Background: Immunoglobulin A vasculitis (IgAV) is the most common cause of systemic vasculitis in childhood. Due to the continued use of the disease name "anaphylactoid purpura" in China, several misunderstandings have arisen in clinical practice and treatment regimens differ widely. In addition, new research and evidence-based data have grown. The Subspecialty Group of Immunology, Society of Pediatrics, Chinese Medical Association and the Chinese Alliance of Pediatric Rheumatic and Immunologic Diseases initiated an update of guidelines for the diagnosis and management of childhood IgAV. The aim therefore was to provide agreed consensus recommendations for diagnosis and treatment for children with IgAV.

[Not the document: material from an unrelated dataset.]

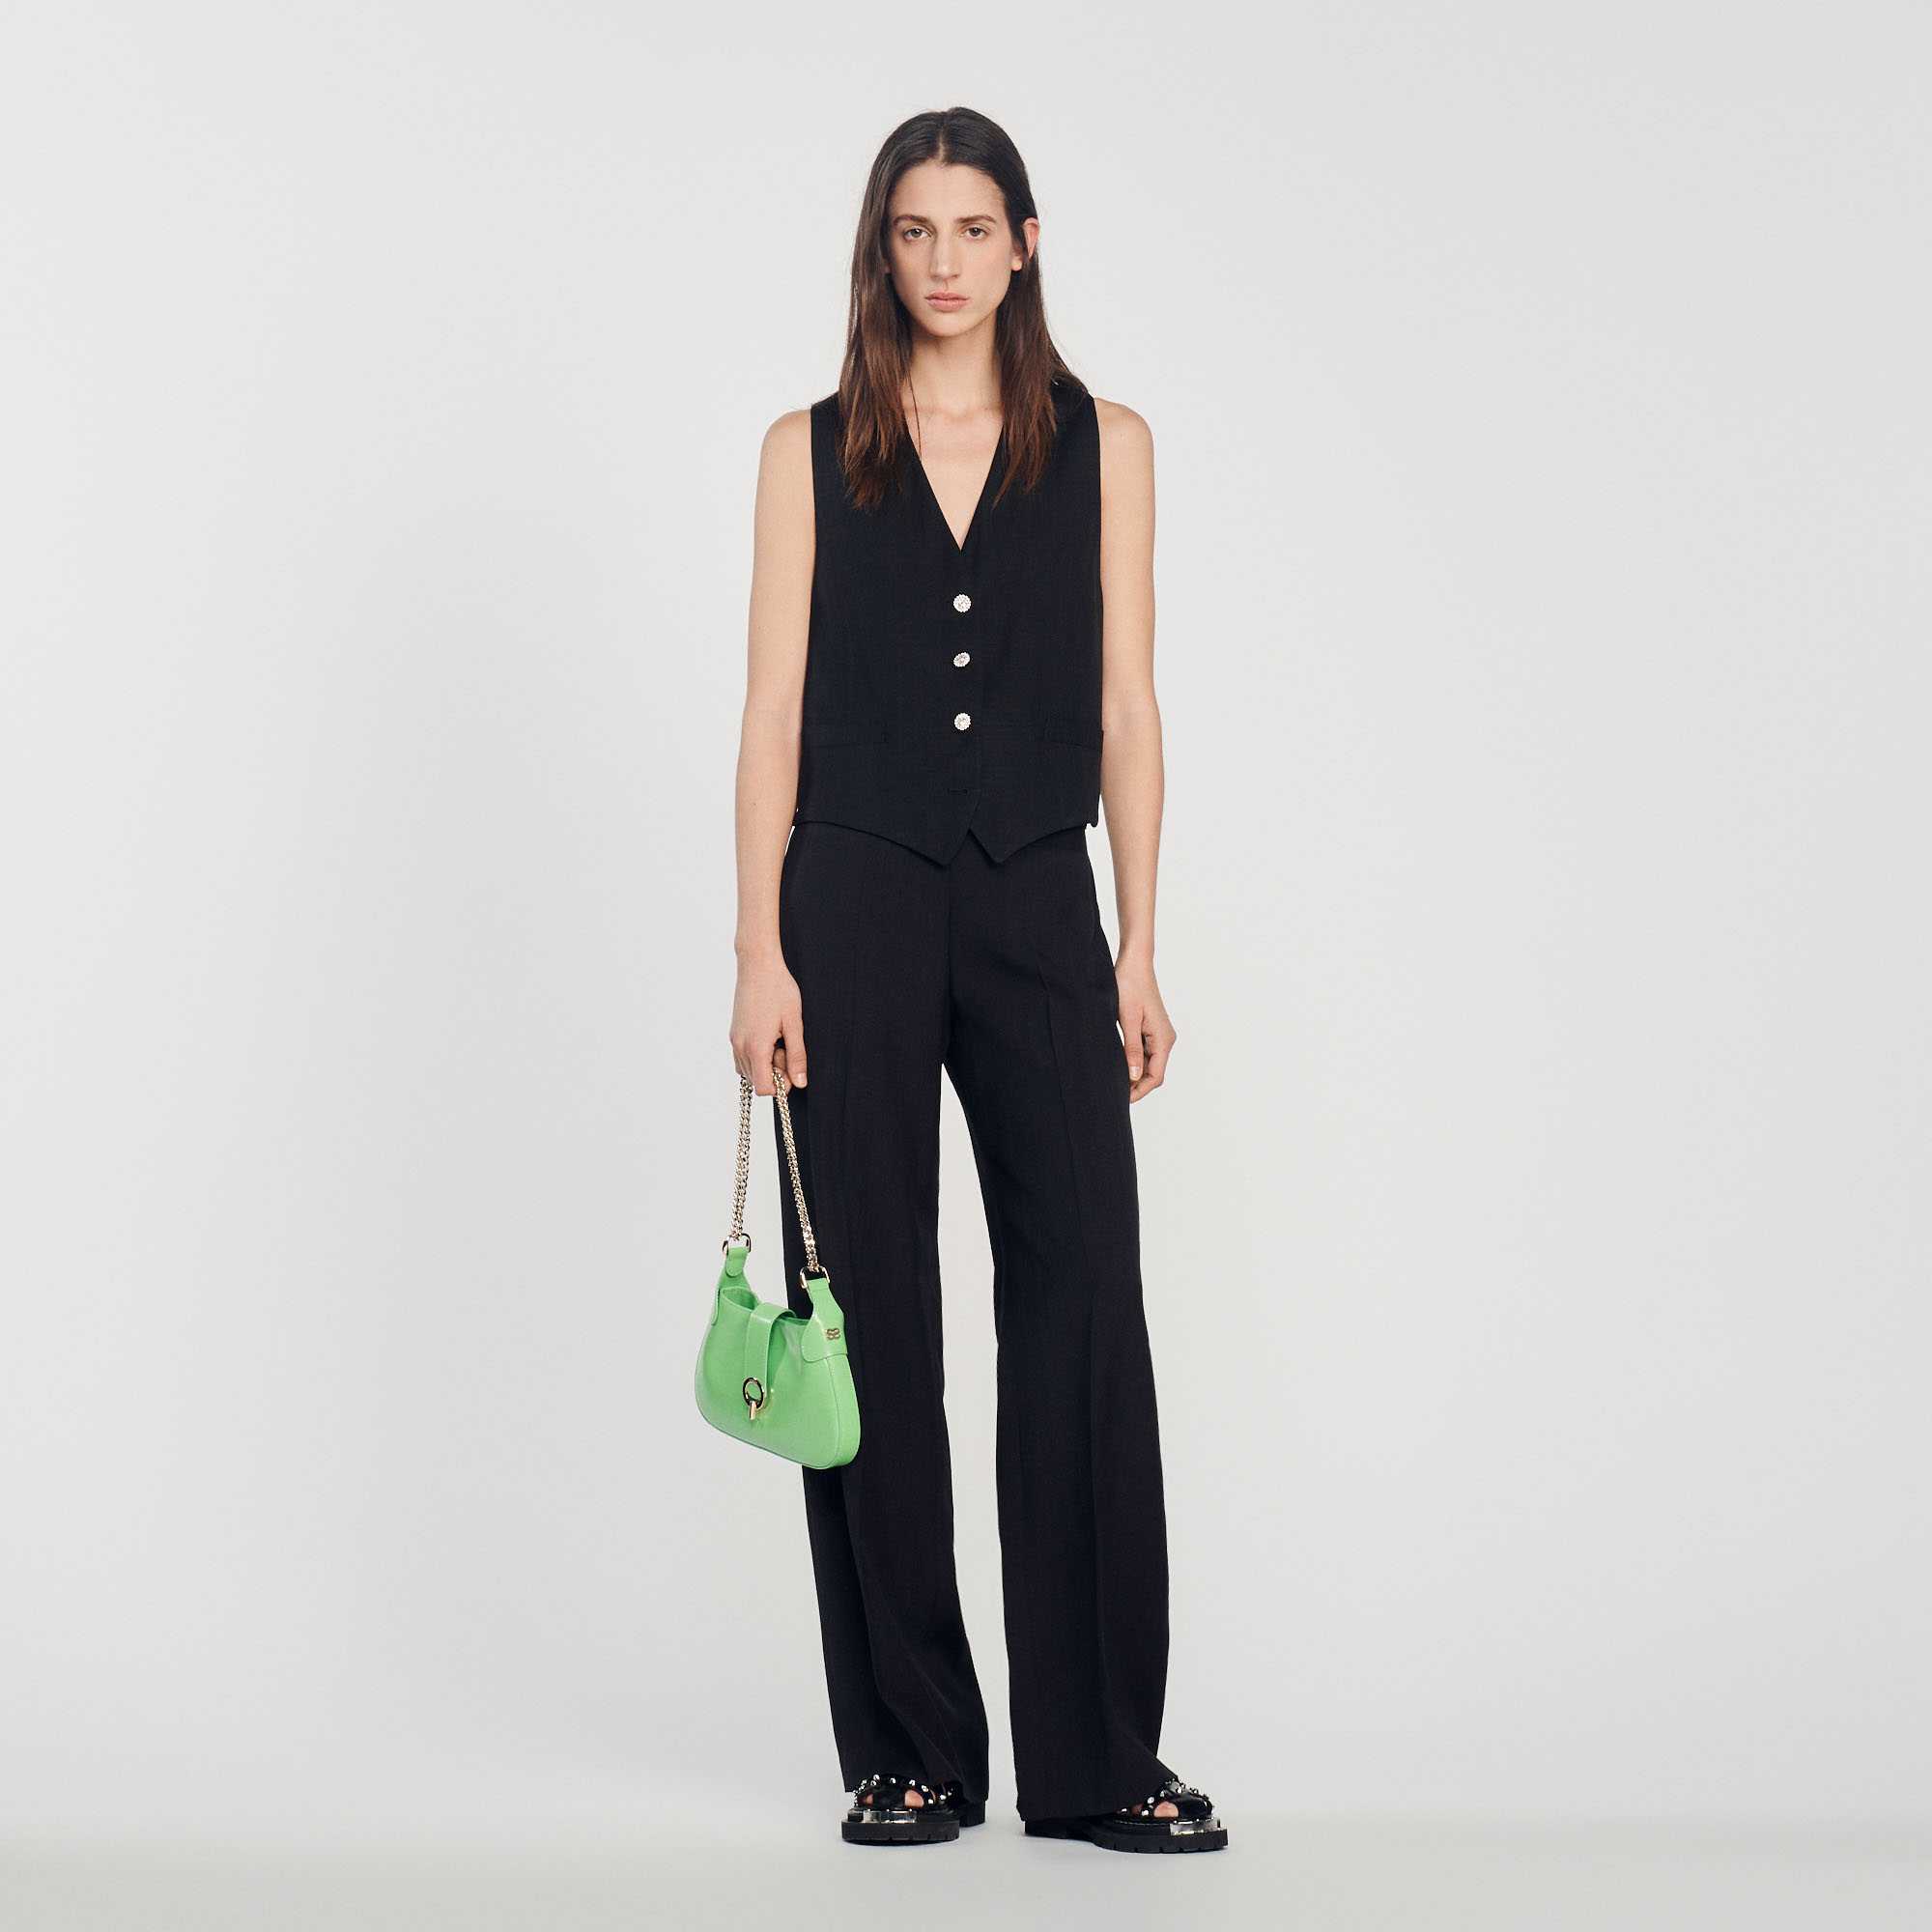 Sandro viscose Belt lining: Wide-leg pants with a high waist and piped side pockets

Methods: This study utilized the Delphi technique to develop an evidence-based expert consensus for childhood IgAV. We conducted a systematic literature review to retrieve evidence, which was graded using GRADE (Grading of Recommendations Assessment, Development, and Evaluation) criteria. Two rounds of Delphi voting and a consensus meeting involving 23 experts were conducted. Recommendations were accepted when ≥ 75% of experts agreed.

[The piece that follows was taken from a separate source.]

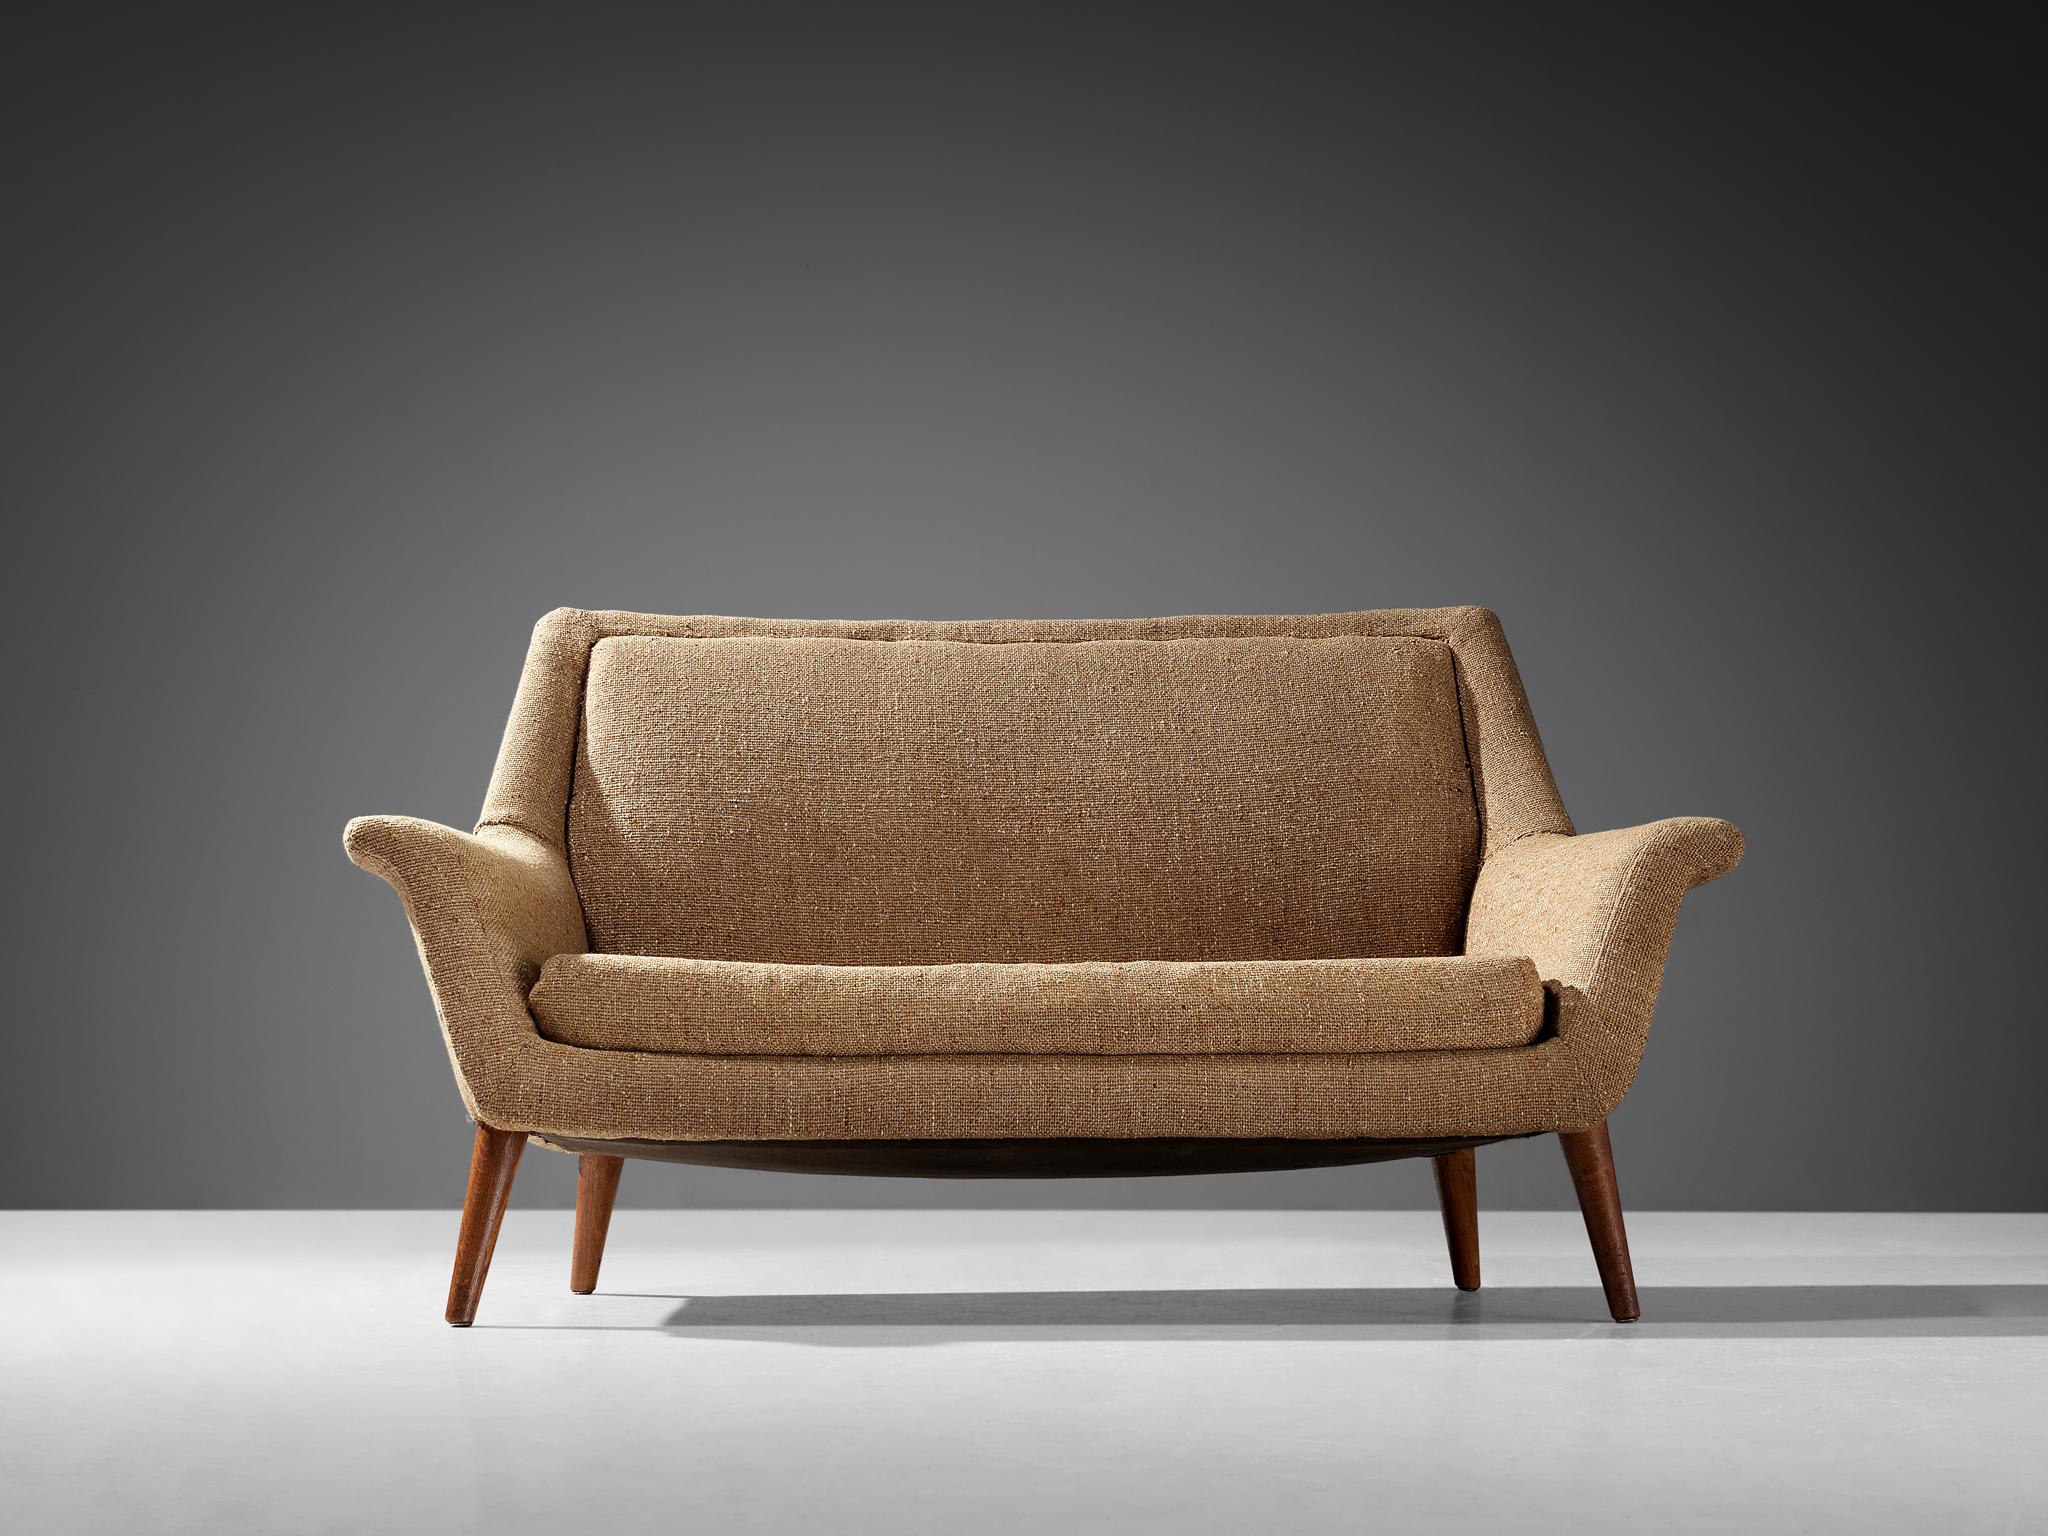 Mid-20th Century English Mid-Century Modern Sofa in Beige Wool and Teak  For Sale

Results: In total, five recommendations for diagnosis, six for treatment, one for prognosis, and two for health education for pediatric IgAV were accepted. Diagnostic recommendations included the use of the European Alliance of Associations for Rheumatology/Pediatric Rheumatology International Trials Organization/Pediatric Rheumatology European Society-endorsed Ankara 2008 classification criteria for IgAV diagnosis. In addition, appropriate use of imaging, gastrointestinal endoscopy, skin biopsy, and kidney biopsy are recommended. Kidney biopsy is recommended for children with IgAV presenting with nephrotic syndrome/nephrotic-range proteinuria, reduced estimated glomerular filtration rate, acute nephritis syndrome, or persistent moderated/mild proteinuria. Treatment recommendations involved indications for glucocorticoid use, immunosuppressant use, and intravenous immunoglobulin use. It also addressed the inappropriate use of prophylactic glucocorticoid treatment and recommended against routine employment of plasmapheresis. Health education placed emphasis on the inappropriate use of anti-anaphylactic treatment and proffers dietary suggestions.

Conclusions: This guideline provides evidence-based recommendations for the diagnosis and management of IgAV in children. This will facilitate improved and standardized care.